Here is another issue I'm having along the same lines:

[code]
//Grab variables from our form.
$team1=$_POST['team1'];
$team2=$_POST['team2'];
$team3=$_POST['team3'];
$team4=$_POST['team4'];
$team5=$_POST['team5'];

$i=1;

while ( $i <= 5 ){
    $increment="team$i";
    $name="$".$increment;
    echo $name;
    $query = "INSERT INTO teams VALUES ('$name','')";
    mysql_query($query);
    $i++;
}
[/code]

I'm trying to increment the variable while in the loop in order to insert the $team variables into the table. I could technically just copy and paste it.. But I'm sure there must be a way to do this. My echo returns:

[code]
$team1$team2$team3$team4$team5
[/code]

So its getting the $team right, but it isn't registering that this is a variable. Any suggestions?

Thanks,
DaVuLf

[Barand]

[!--quoteo(post=375347:date=May 19 2006, 09:48 PM:name=Crayon Violent)--][div class=\'quotetop\']QUOTE(Crayon Violent @ May 19 2006, 09:48 PM) [snapback]375347[/snapback][/div][div class=\'quotemain\'][!--quotec--]
i think what he means is that his table has rows for every time someone buys something so their name will be repeated throughout the table so he will need to do a group by in order to return the names only once? anyways, that's a query string thing. my code assumes he has all that sorted out.
[/quote]

In that case,

[code]SELECT DISTINCT name FROM tablename[/code]

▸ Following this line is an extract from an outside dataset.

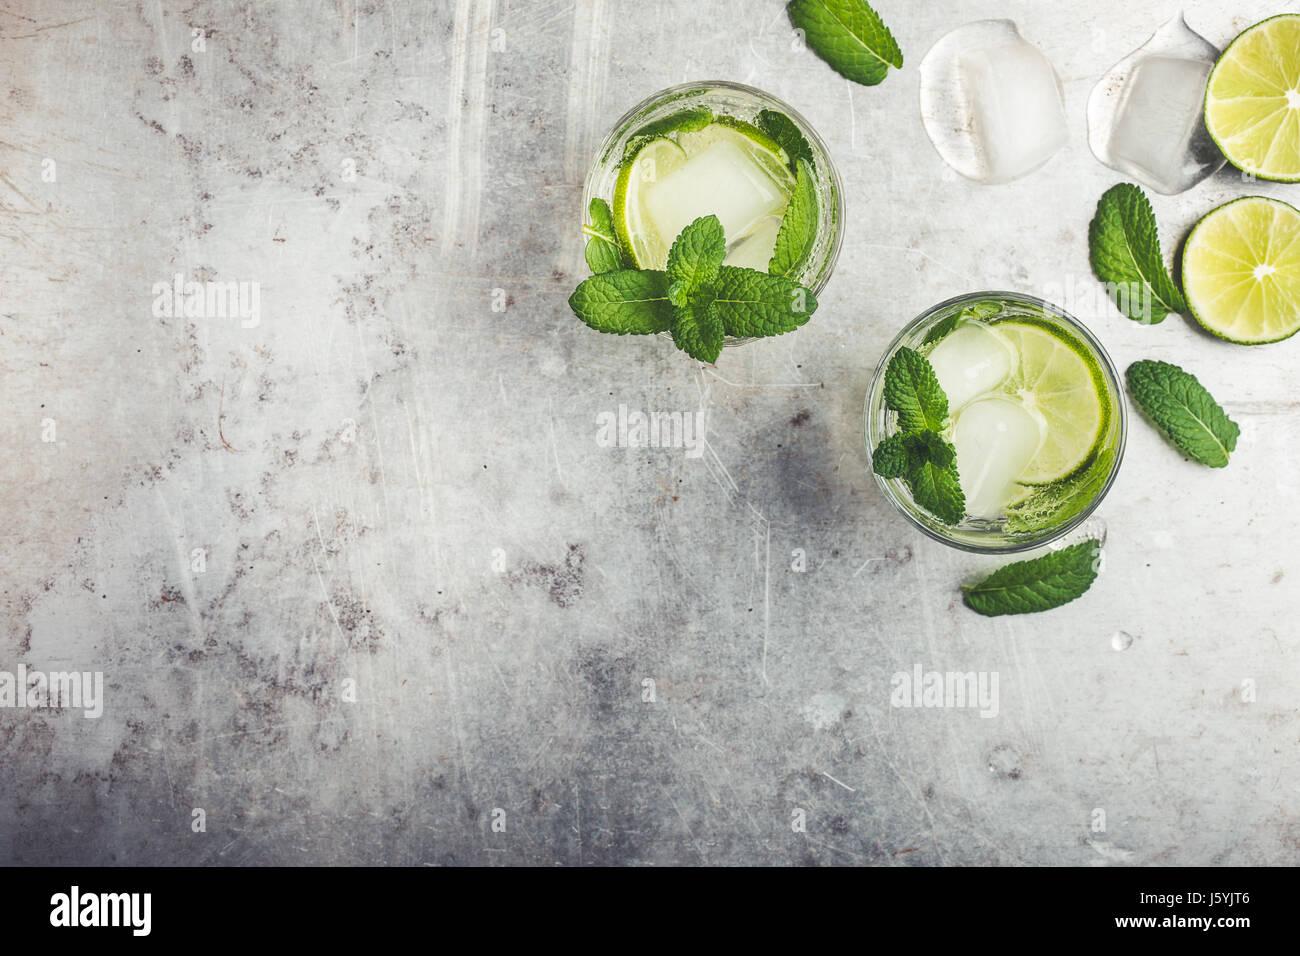 Cóctel Mojito sobre fondo gris claro con espacio para copiar texto o receta vistos desde arriba Foto de stock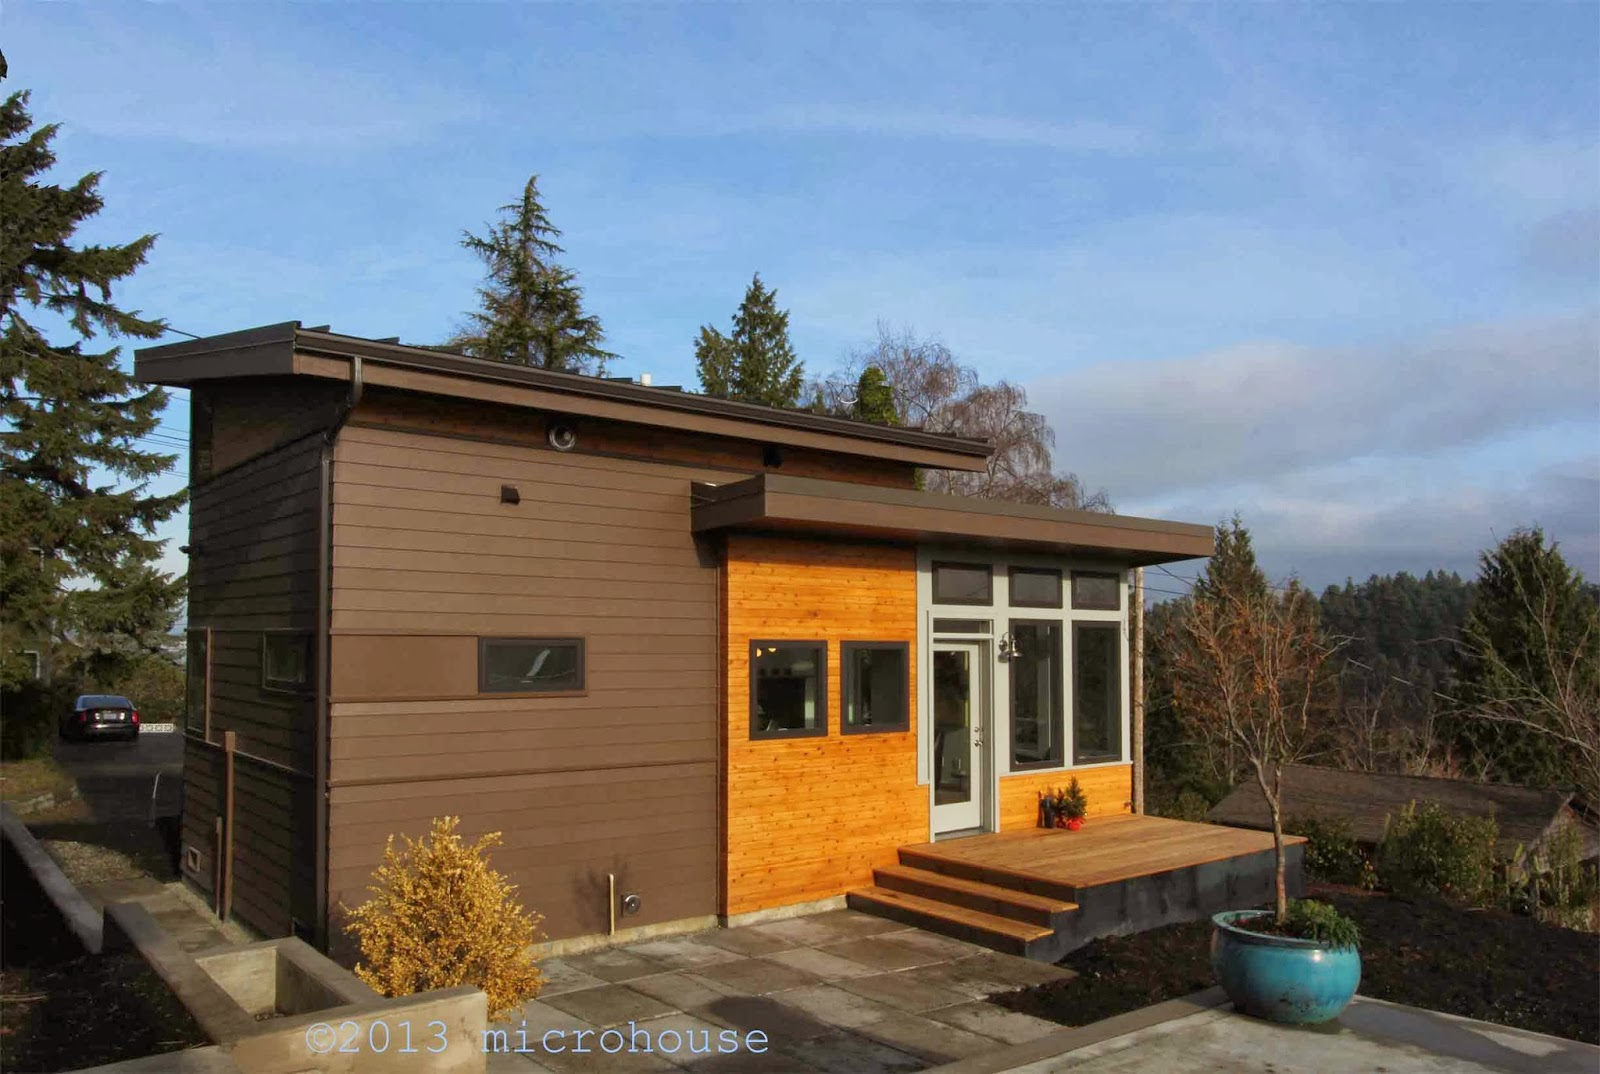 backyard cottage blog: a backyard cottage with a view

will eliminate duplicates.

As for second problem, naming the formfields "team[]" will remove the need for $team1, $team2 etc. The fields will be posted in an array EG

[code]<?php
if (isset($_POST['submit'])) {
    foreach ($_POST['team'] as $teamname) {
         if ($teamname)
        mysql_query("INSERT INTO teams (name) VALUES ('$teamname')");
    }
}

?>
<FORM method='POST'>
Team 1 <input type="text" name="team[]">
Team 2 <input type="text" name="team[]">
Team 3 <input type="text" name="team[]">
Team 4 <input type="text" name="team[]">
Team 5 <input type="text" name="team[]">
<input type="submit" name="submit" value="Submit">
</FORM>[/code]

[DaVuLf]

Thanks Barand.

So, the top portion of that snippet is for the .php, and the bottom is for the .html, right?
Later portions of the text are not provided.